* **Task statement**: The whole listing that follows, pictures excepted, should be printed again exactly as given.

* **Dataset content**:
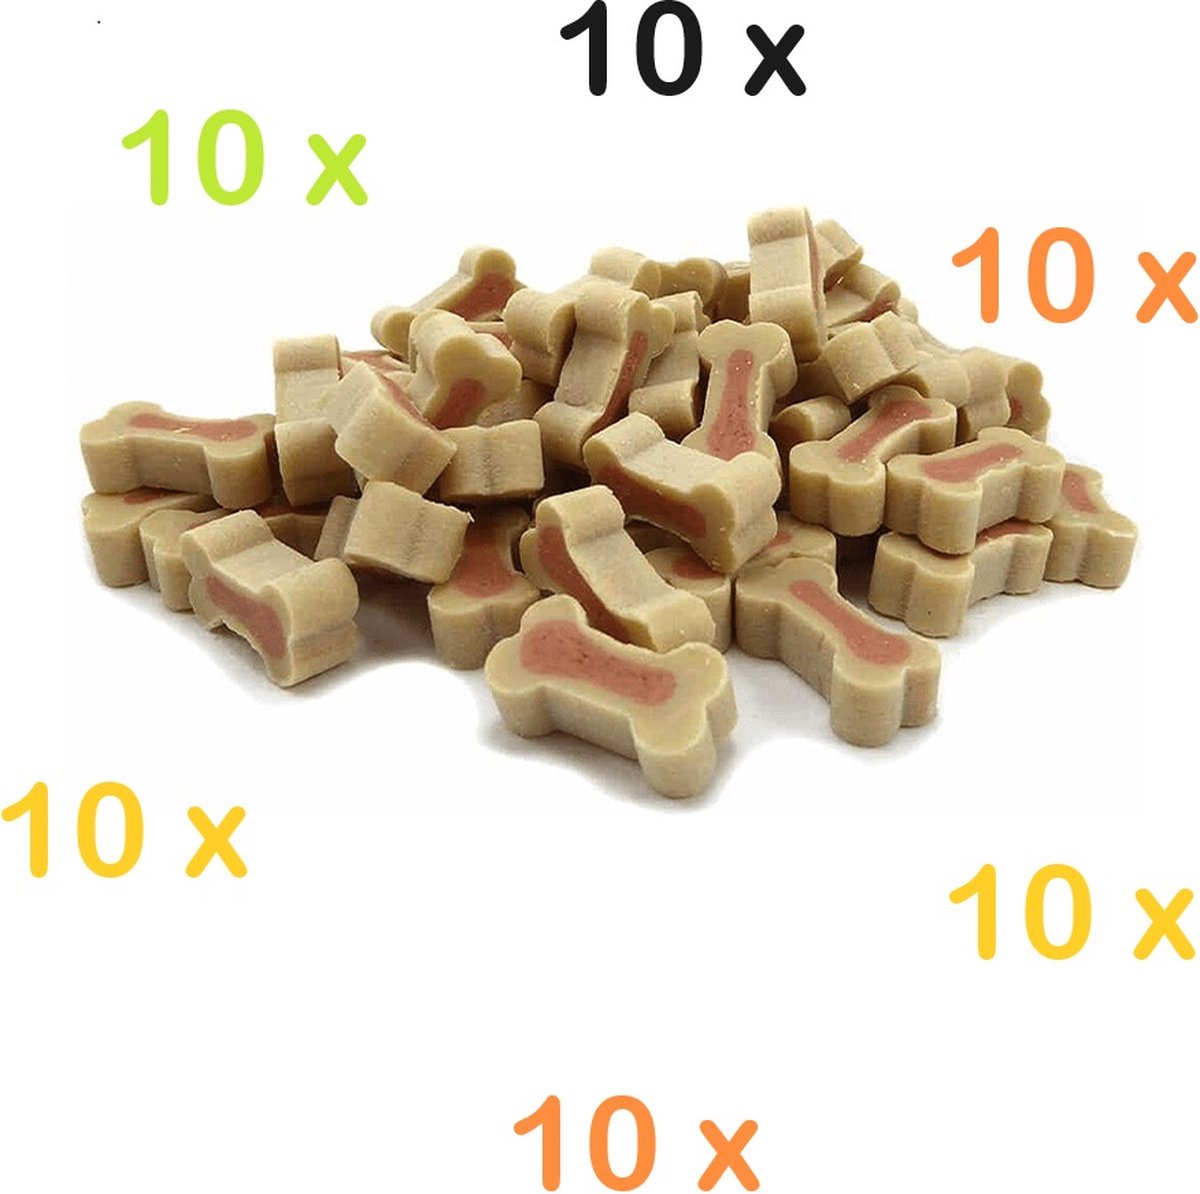 10 x Pet Snack hondensnoepjes zalm en rijst 200 gr ( 10 x 200gr = 2 kg ) zacht en smakelijk, ook voor in treat toys ideaal.
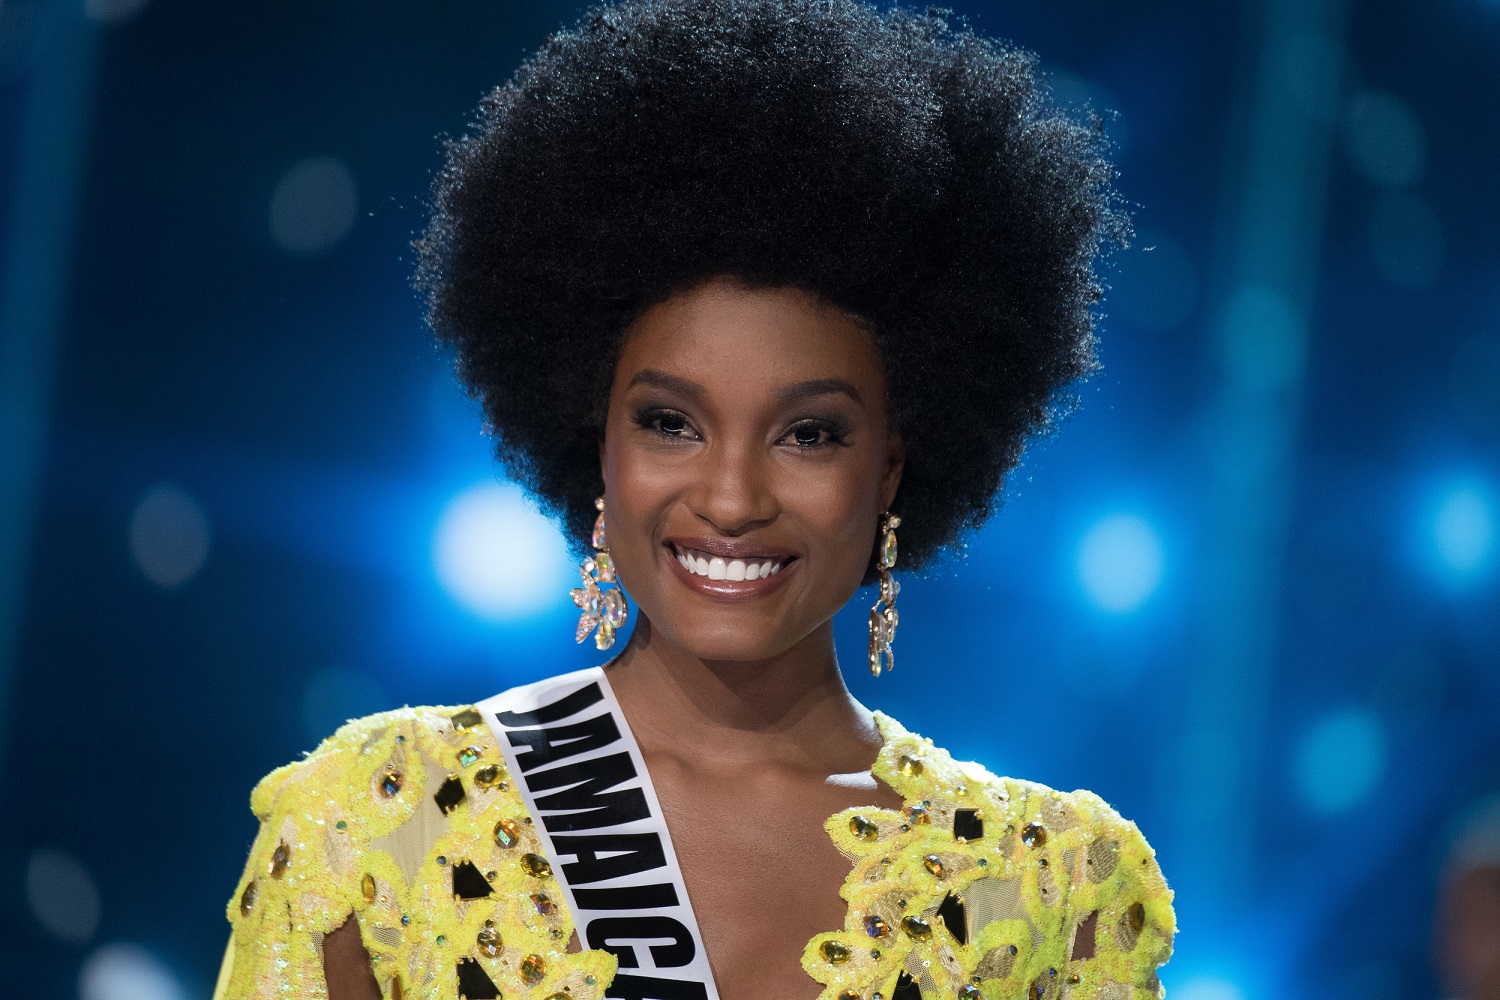 Miss Universe Jamaica 2017 Davina Bennett.
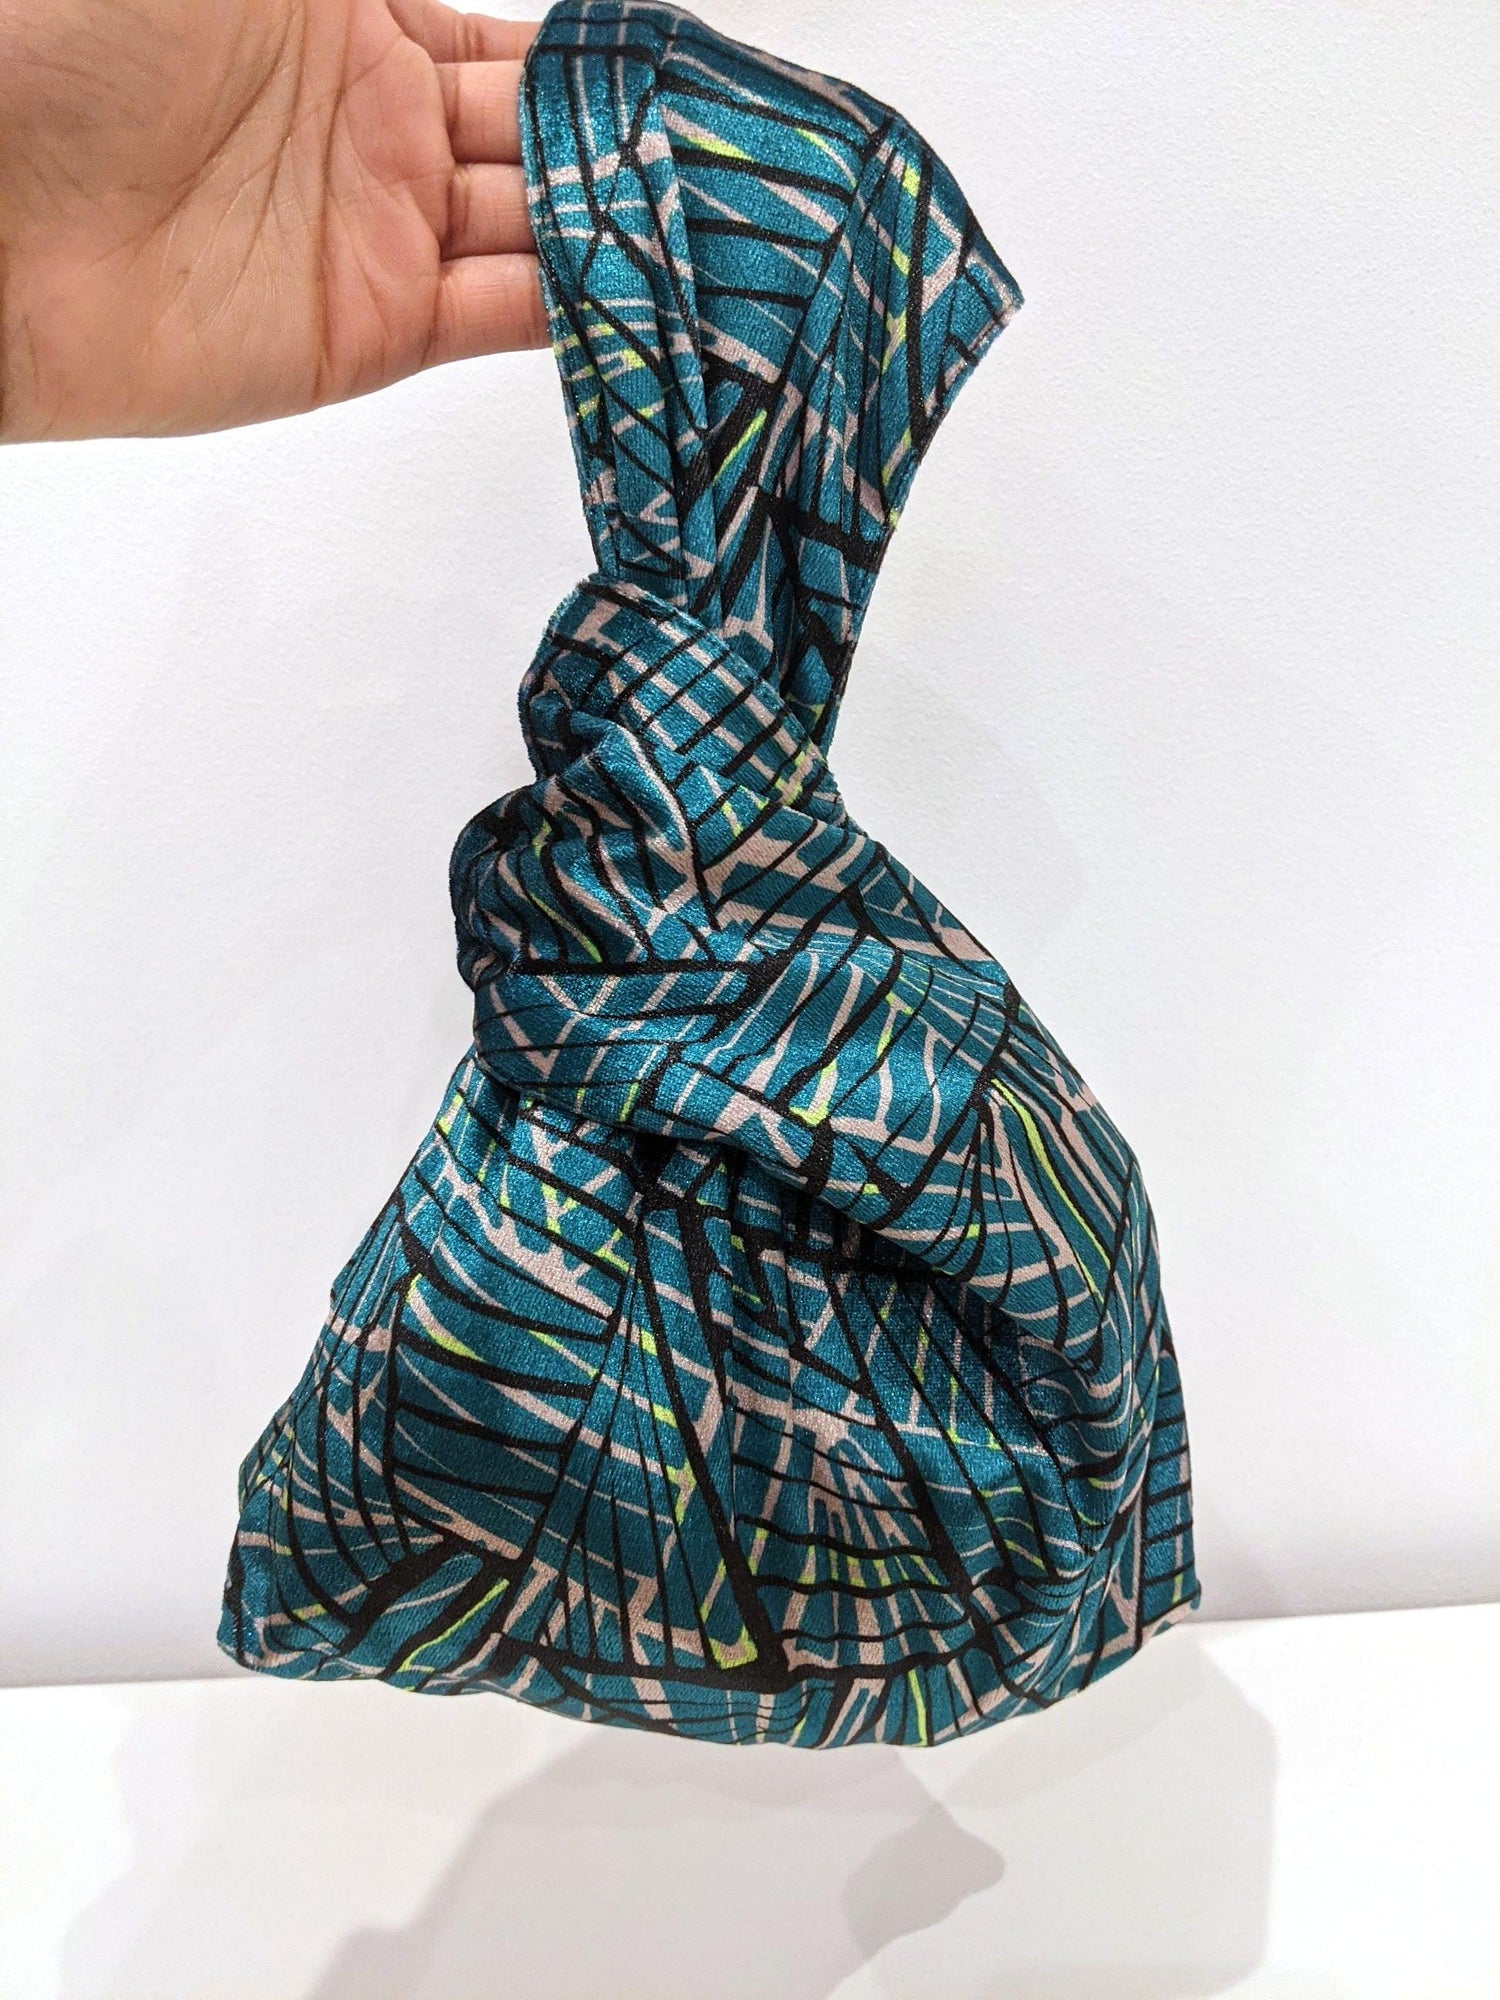 Velvet Japanese Wrist Bag in Peak Pattern (SAMPLE) - OlaOla
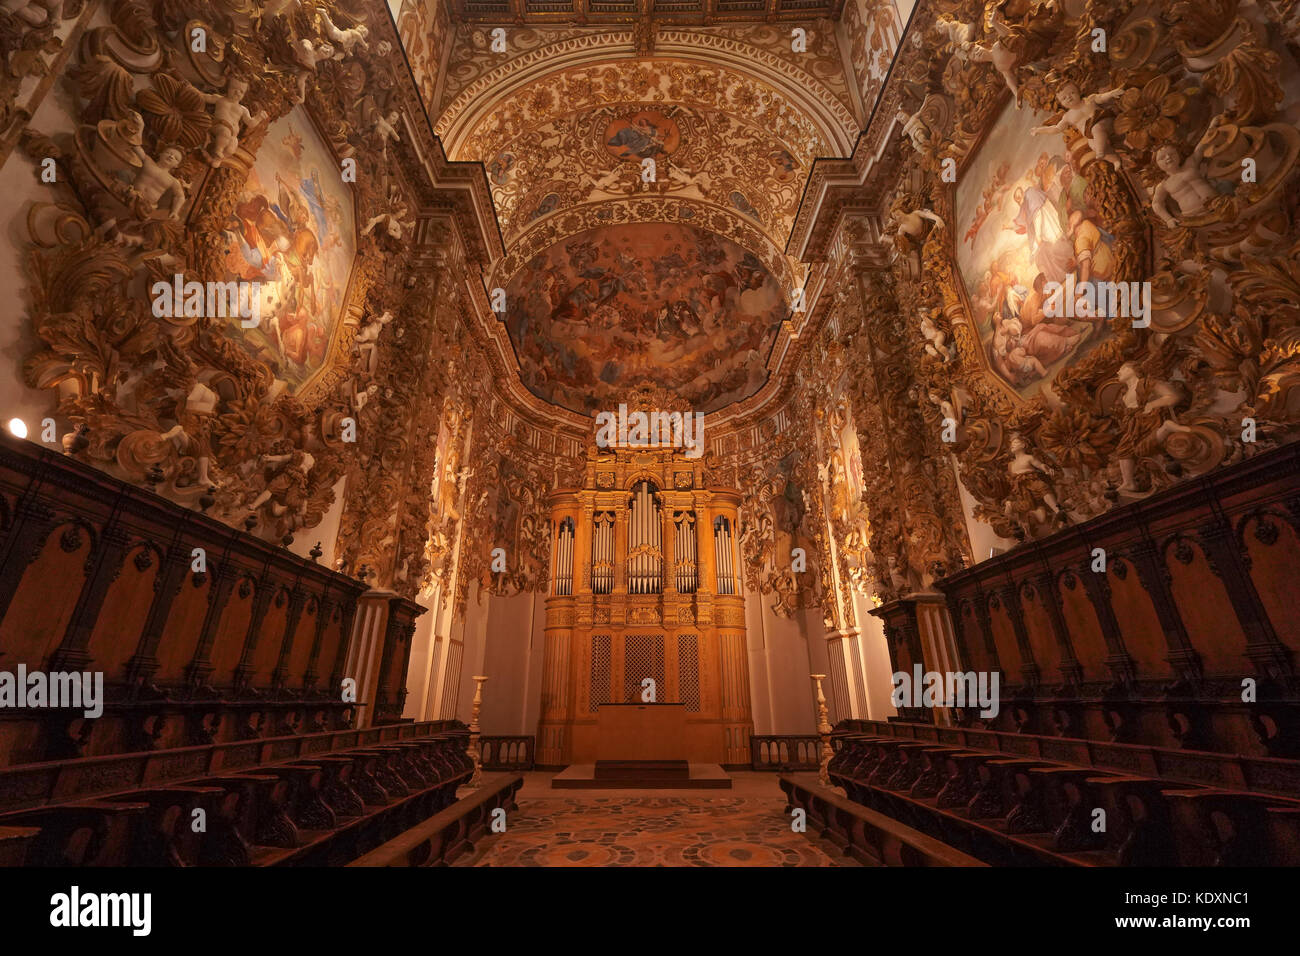 Gli interni della cattedrale barocca in agrigento. da una serie di foto di viaggio in Sicilia, Italia. photo Data: giovedì, 5 ottobre 2017. foto cred Foto Stock

* **Result below**:
 10 x Pet Snack hondensnoepjes zalm en rijst 200 gr ( 10 x 200gr = 2 kg ) zacht en smakelijk, ook voor in treat toys ideaal.
 Miss Universe Jamaica 2017 Davina Bennett.
 Velvet Japanese Wrist Bag in Peak Pattern (SAMPLE) - OlaOla
 Gli interni della cattedrale barocca in agrigento. da una serie di foto di viaggio in Sicilia, Italia. photo Data: giovedì, 5 ottobre 2017. foto cred Foto Stock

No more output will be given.